L’Hôtel de ville d’Altdorf, dans le canton d’Uri, où la nouvelle loi peut contraindre les citoyennes et les citoyens à siéger. Keystone

C’est une dure réalité de la démocratie suisse: si les volontaires font défaut, des citoyens se voient contraints d’accepter une charge publique - dans l’exécutif de leur commune ou à la commission scolaire. La pratique est encore en vigueur dans plusieurs cantons. Celui d’Uri vient même d’accepter d’augmenter à 5000 francs l’amende qui frappe les récalcitrants.

En 2008, Johanna Tschumi a été élue à l’exécutif de la commune de Bauen, dans le canton d’Uri, sans être candidate à ce poste. Mais son travail et sa santé l’empêchaient de remplir la tâche. Munie d’un certificat médical, elle a alors essayé de demander une dispense – en vain.
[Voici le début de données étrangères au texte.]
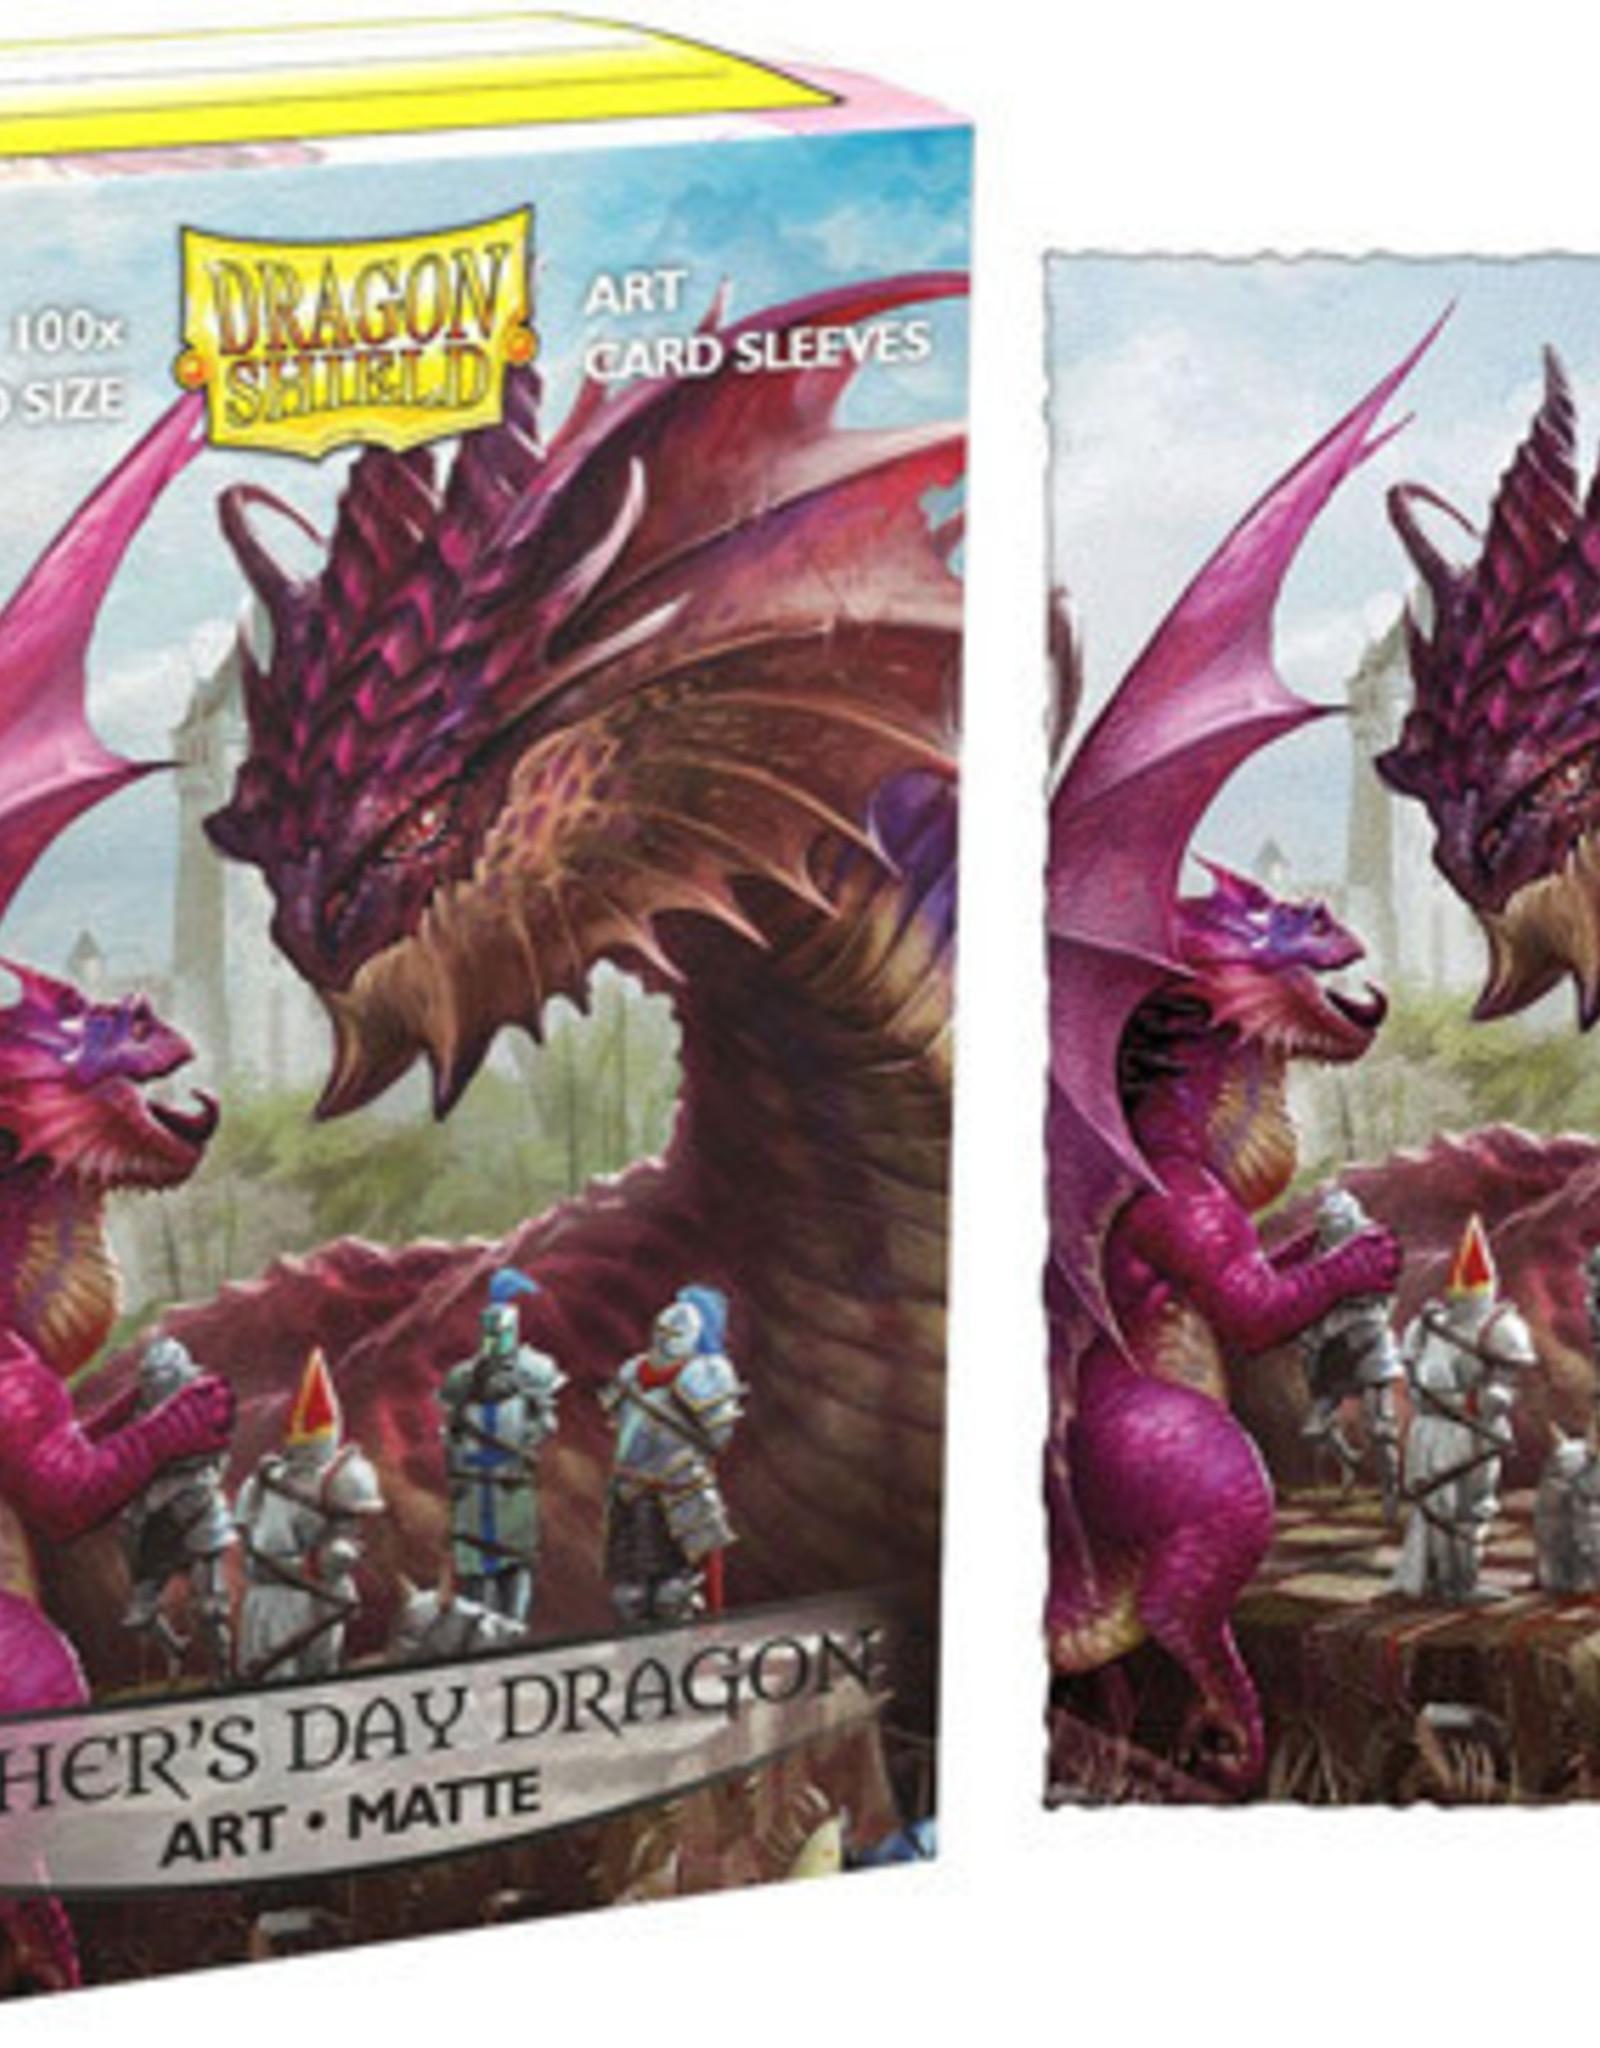 Dragonshield Dragonshield 100 Box Sleeves Art Matte Fathers Day 2020

Elle a donc choisi la seule voie de sortie possible: louer une chambre dans le village voisin, distant de six kilomètres, s’y annoncer officiellement comme résidente et pendant trois mois, ne plus dormir que les weekends à Bauen. Deux autres personnes élues contre leur volonté ont eu recours au même subterfuge, ce qui a privé le Conseil communal du village de l’indispensable quorum.

L’anecdote peut sembler surréaliste, pourtant, elle correspond à un quotidien amer dans plusieurs cantons, surtout de Suisse alémanique. Zurich, Schaffhouse, Nidwald, Soleure, les Grisons, le Valais, Uri et Appenzell Rhodes-Intérieures connaissent encore ce système du «Amtszwang» (obligation de servir).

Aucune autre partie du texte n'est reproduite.